A MÍ NADIE ME PREGUNTÓ

El enemigo silencioso sigue creciendo. La violencia que no ha matado en los estadios mexicanos recientemente, no parece espantarnos hasta que a alguien le vaya la vida en un grito de aliento.

Ahí sonarán todas las alarmas, vendrán todas las opiniones y veremos un dispositivo reactivo voluminoso que durará unos cuantos meses. Los brotes de violencia son recurrentes, y sin caer en el amarillismo, es muy evidente comprobar cómo todos nos vamos acostumbrando y por consecuencia, impresionándonos menos. Y el recuento de los daños en lo económico no es tangible en el corto plazo.

No sé cuántas personas que tuvieron que vivir momentos de angustia en San Luis, volverán alguna vez a un estadio, sólo porque unos 50 enfermos decidieron tomar las tribunas como trinchera. Las imágenes nos dejaron ver a padres de familia despavoridos, saltar al terreno de juego protegiendo a sus hijos como si fueran balón de futbol americano. Esas conductas, son sin duda también, reflejo del humor social que vivimos.

La convivencia en un estadio no es ajena en sus formas a lo que se puede vivir en la calle. Y es una pena comprobar, a todas luces, que la participación de las fuerzas públicas para apagar el fuego, suele ser desorganizada, improvisada y con poca resonancia.
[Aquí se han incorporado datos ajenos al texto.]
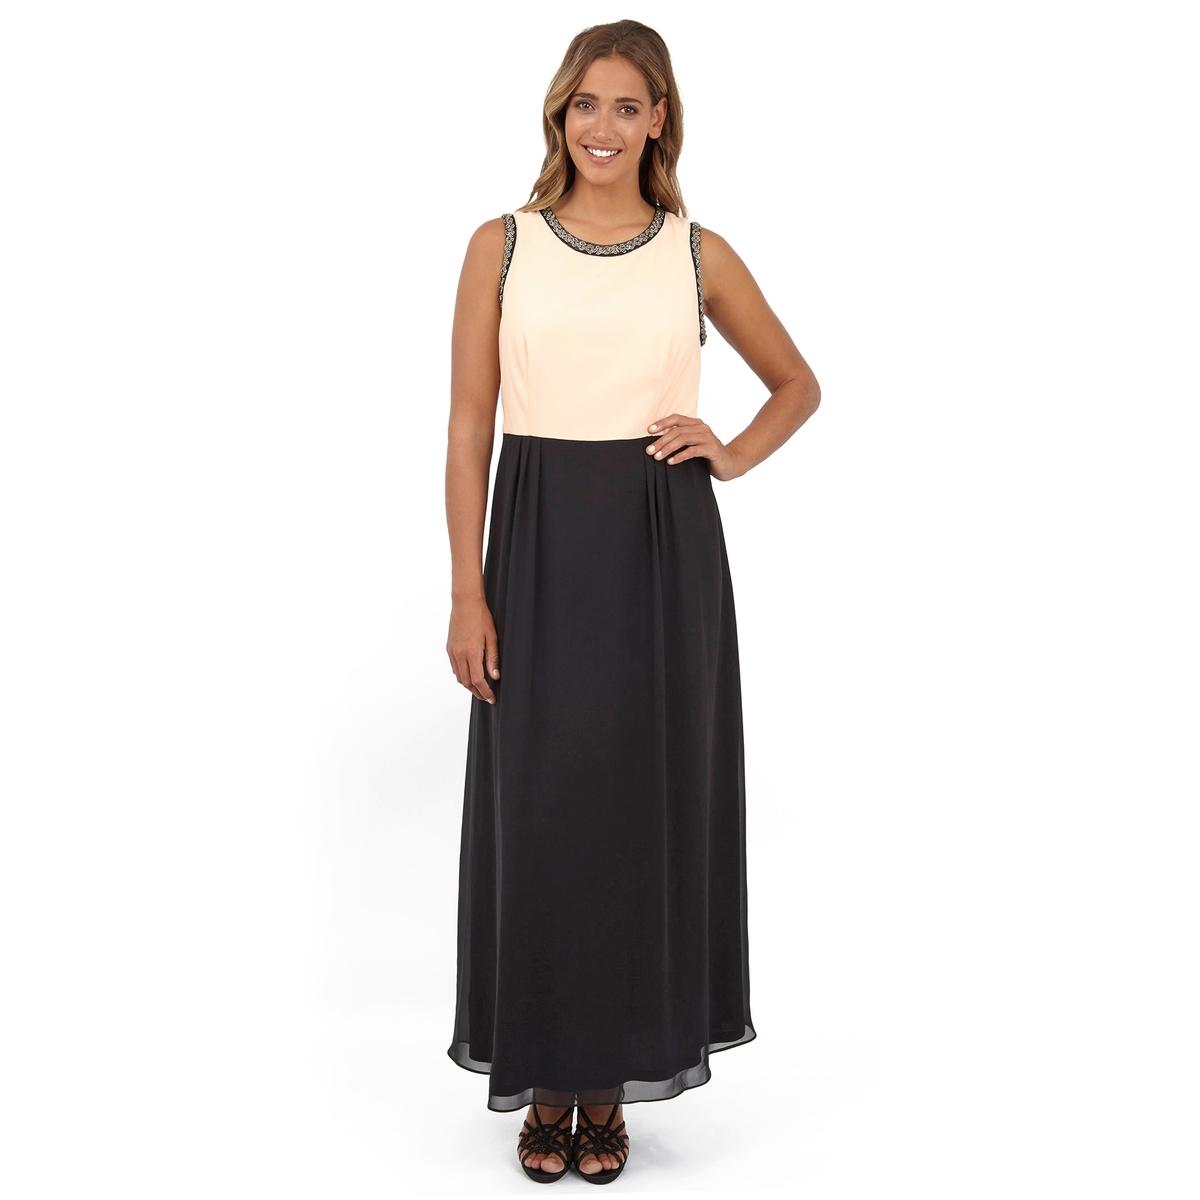 Платье длинноеПлатье длинное без рукавов - LOVEDROBE. Симпатичное двухцветное платье-макси. Длина ок.155 см<br><br>Цвет: слоновая кость/ черный<br>Размер: 50/52 (FR) - 56/58 (RUS)
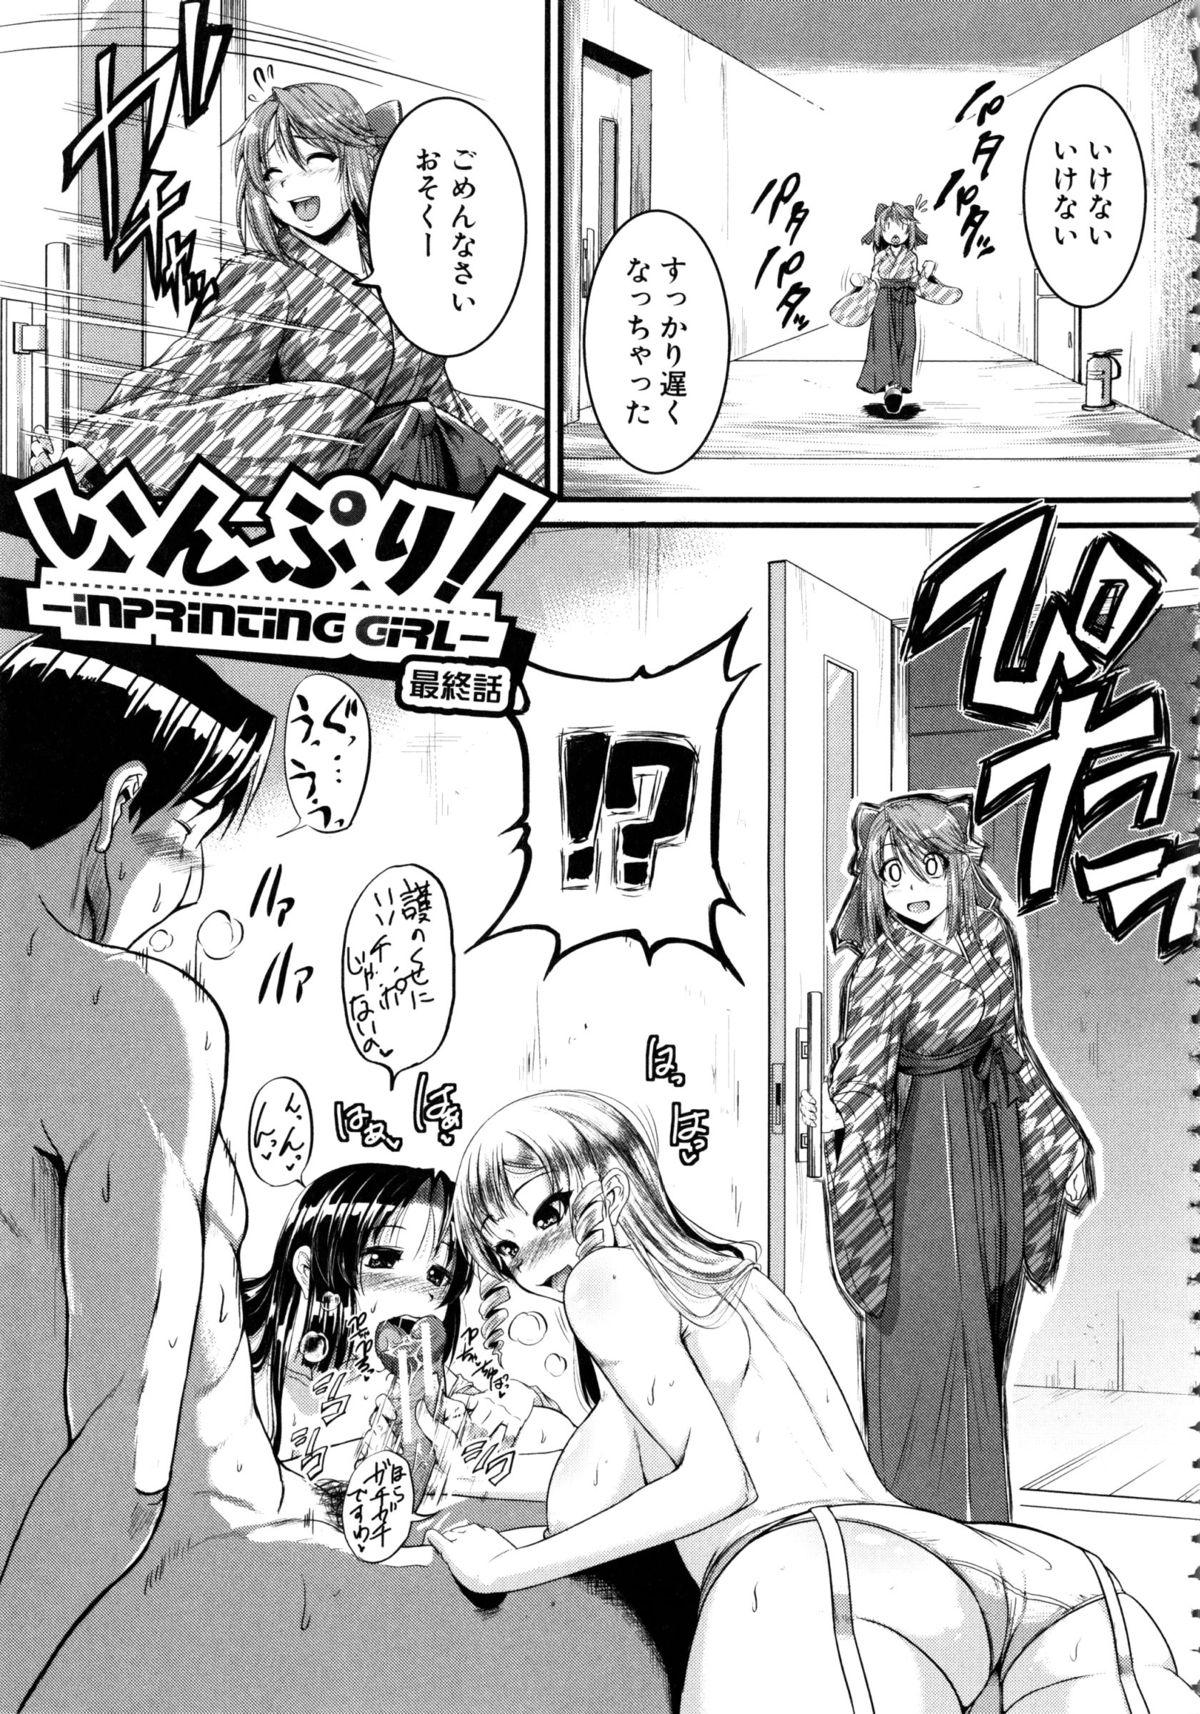 【エロ漫画】コンクール後に部長姉の策略で弟の逆レイプを幼馴染JKに目撃させて告白させると4Pハーレム乱交に発展!

Es muy triste ver cómo los desquiciados "aficionados" pegan ganchos y rectos a diestra y siniestra, a policías o agentes de seguridad con sobrepeso, que muchas veces quedan a merced de cinco o 10 vándalos. No sobra volver a revisar la coordinación en los estadios entre la FMF y las autoridades locales. Hay que exagerar en revisar antes de entrar a los estadios, y aquellos que promovieron la instalación de "grupos de animación" que se volvieron auténticas mafias, deben desactivar de inmediato esos privilegios que se confunden con impunidad.

Ya tenemos suficiente fuera de los estadios como para que se vuelva una película de terror ir a ver futbol. No, no fue lo de Brasil, pero empezó a parecerse, según dejan evidencia las imágenes de la noche del martes.

Hay preguntas que responder: ¿Cuántos estadios no tienen suficientes cámaras? ¿Por qué no implementar un sistema de boletos personalizados? ¿Hay suficientes salidas de emergencia? ¿Están siempre abiertas? ¿Están de verdad con credencial todos aquellos que tienen mayor cercanía con los clubes?

Agregue sus ideas y envíe a la FMF. En materia de seguridad nada es un exceso en la prevención.